I now have another good reason to remember and honor Amber; her half birthday is my full birthday! I look forward to remembering and honoring her on our shared day! Forests burn and make way way for new life. So too, the perfection that was your old life is gone. But a new normal will emerge. There will always be a place and a hole in your heart to be filled with faith and with your sadness and your memories of the wonder that was/is Amber. ♥

Don Ventura — April 8, 2019 at 3:38 PM

Caron and Matt as always thank you for sharing. Happy 7 1/2 Birthday Amber!

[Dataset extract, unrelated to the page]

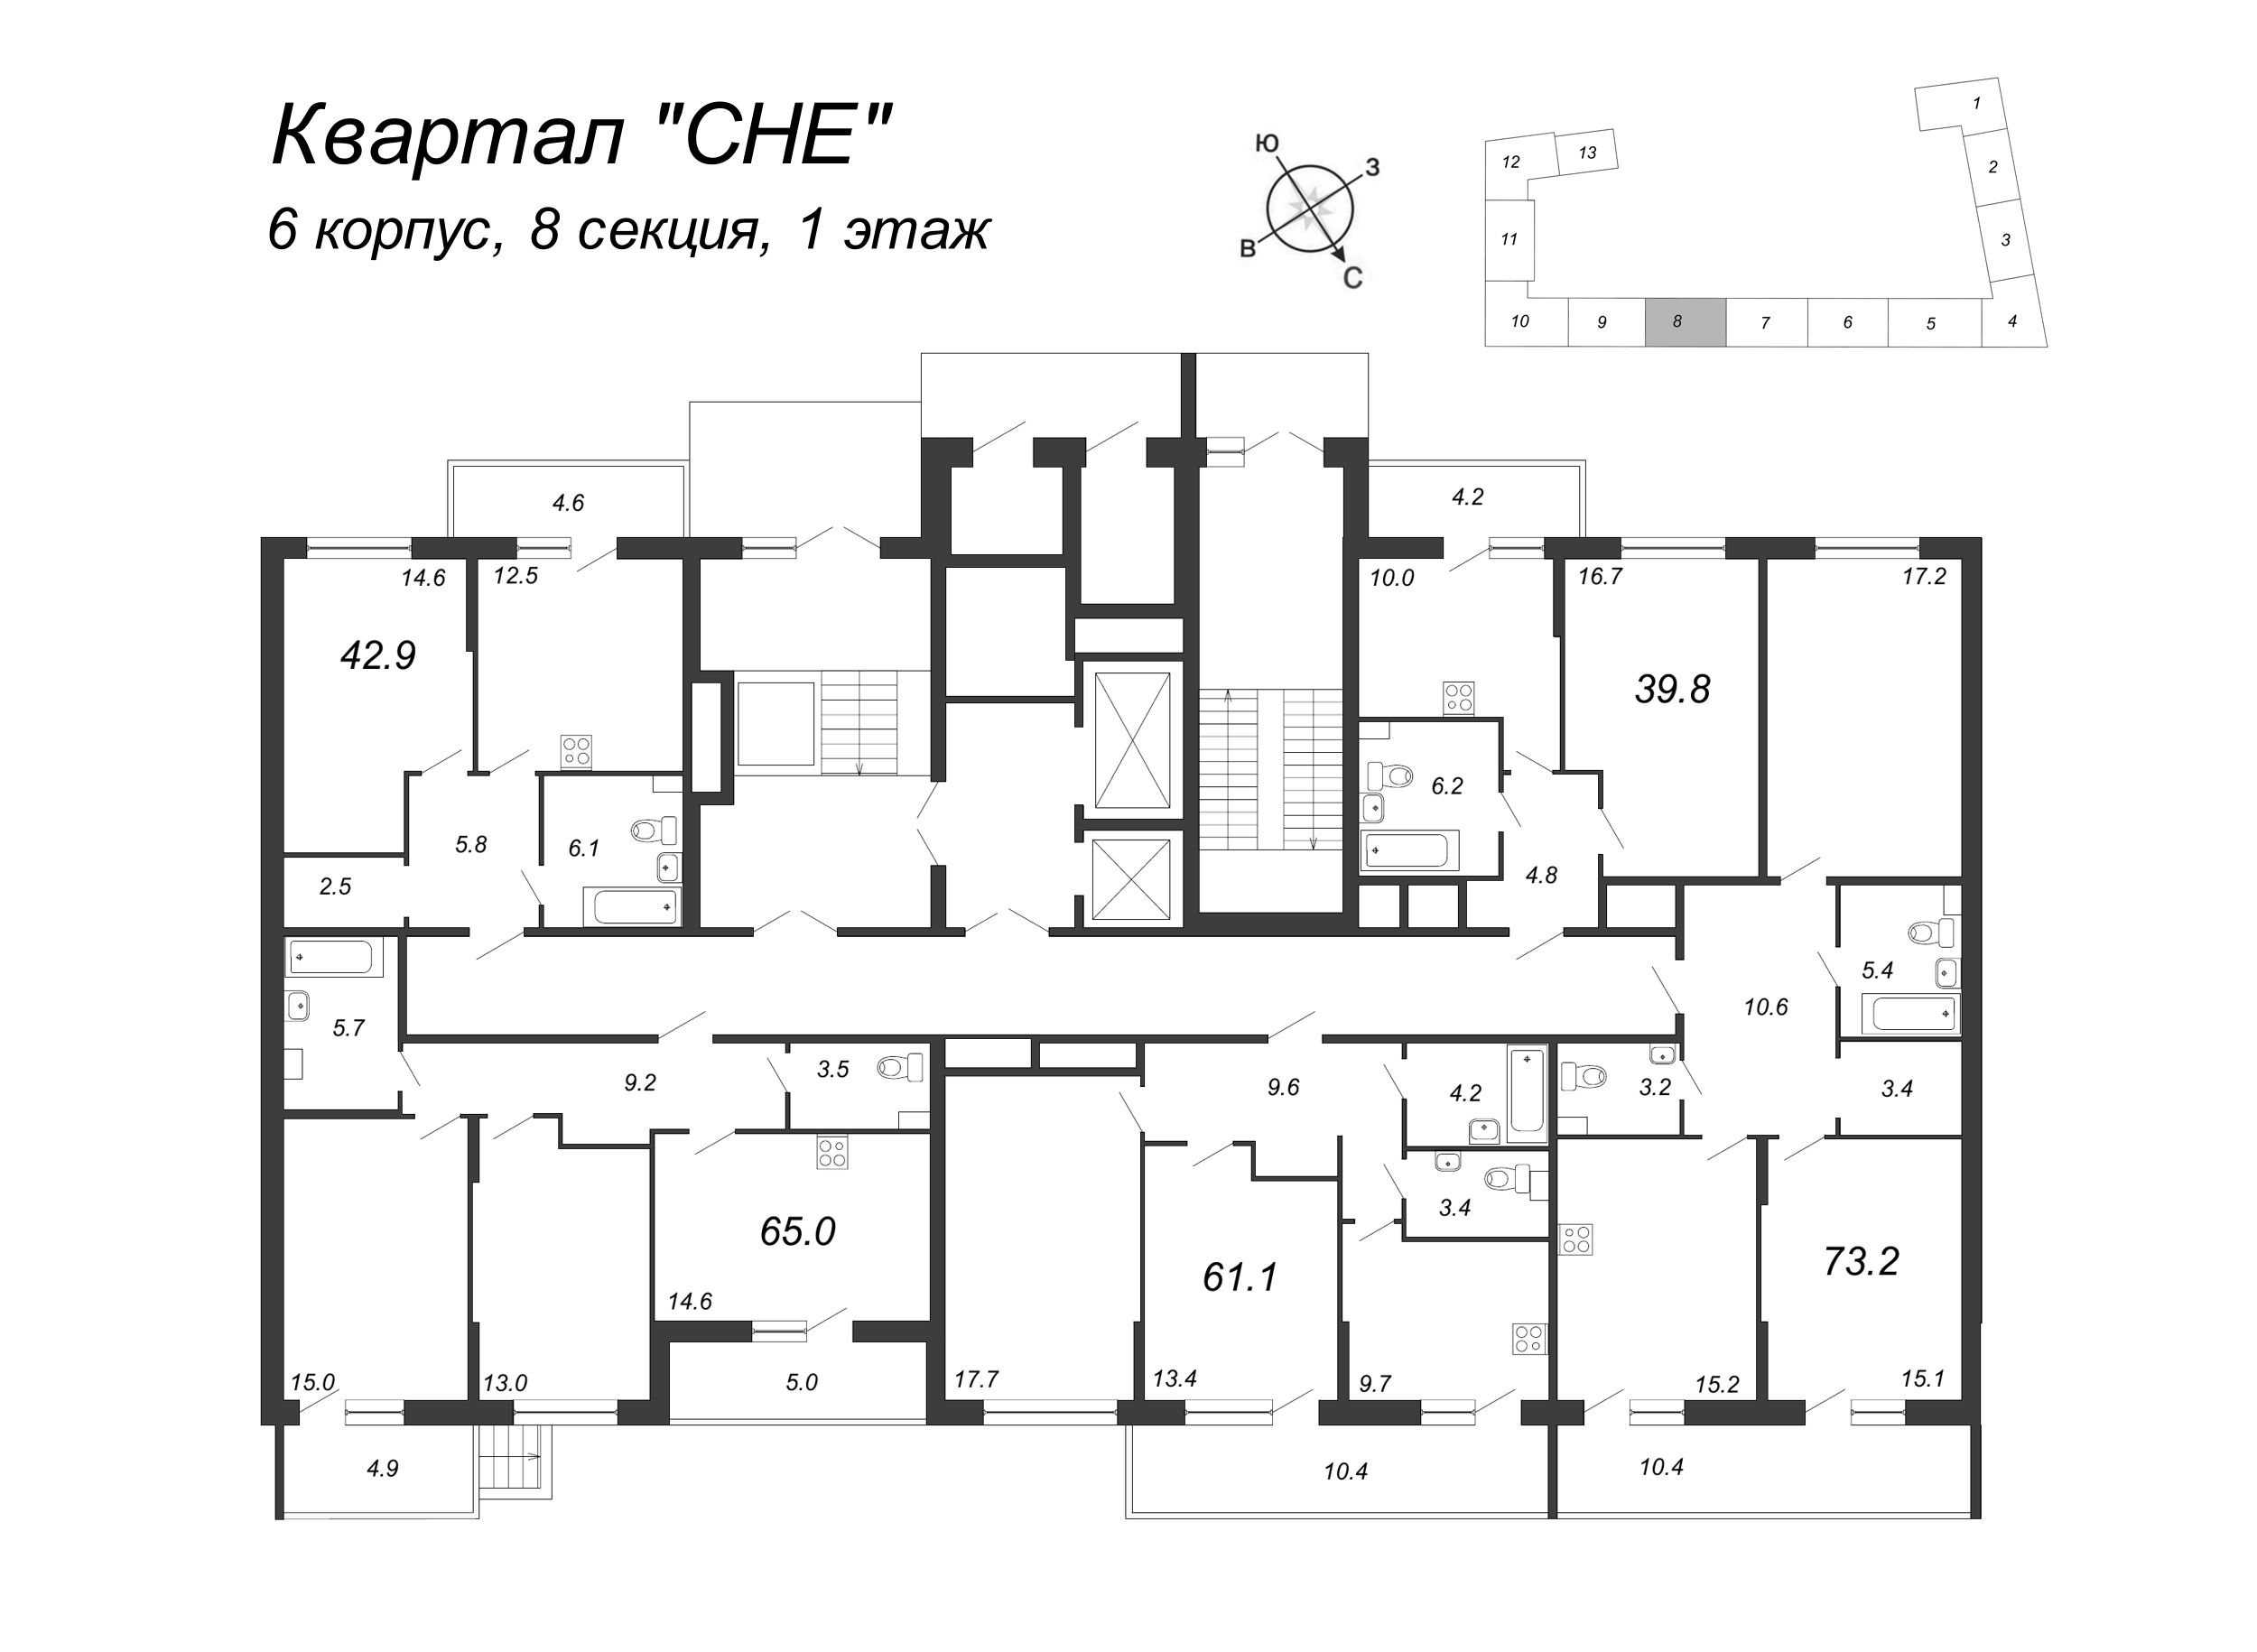 1-комнатная квартира, 40.1 м² в ЖК "Квартал Che" - планировка этажа

Sister Mary Patrick, SCMC — April 12, 2019 at 1:43 PM

Dear Caron and Matt,

What a beautiful tradition to celebrate your children's half birthday,and why not for Amber? She was certainly wise beyond her years. She sees far beyond what adults can't see,that's for sure!. What a beautiful child!!! You will feel the hole in your heart for every birthday and every holiday; there's no getting away from that. However, your beautiful and strong faith will certainly get you through the pain of all this as you travel on this difficult journey. The vision that your aunt had of Amber is not only amazing, but also comforting. Knowing that Amber is with God in heaven experiencing all the joys that heaven brings is consolation in the midst of your sadness. Please know that you are in my thoughts and prayers daily! You are one beautiful and amazing family!

Uncle Jon — April 25, 2019 at 10:08 AM

Crying, happy and sad all at once- - -God Bless!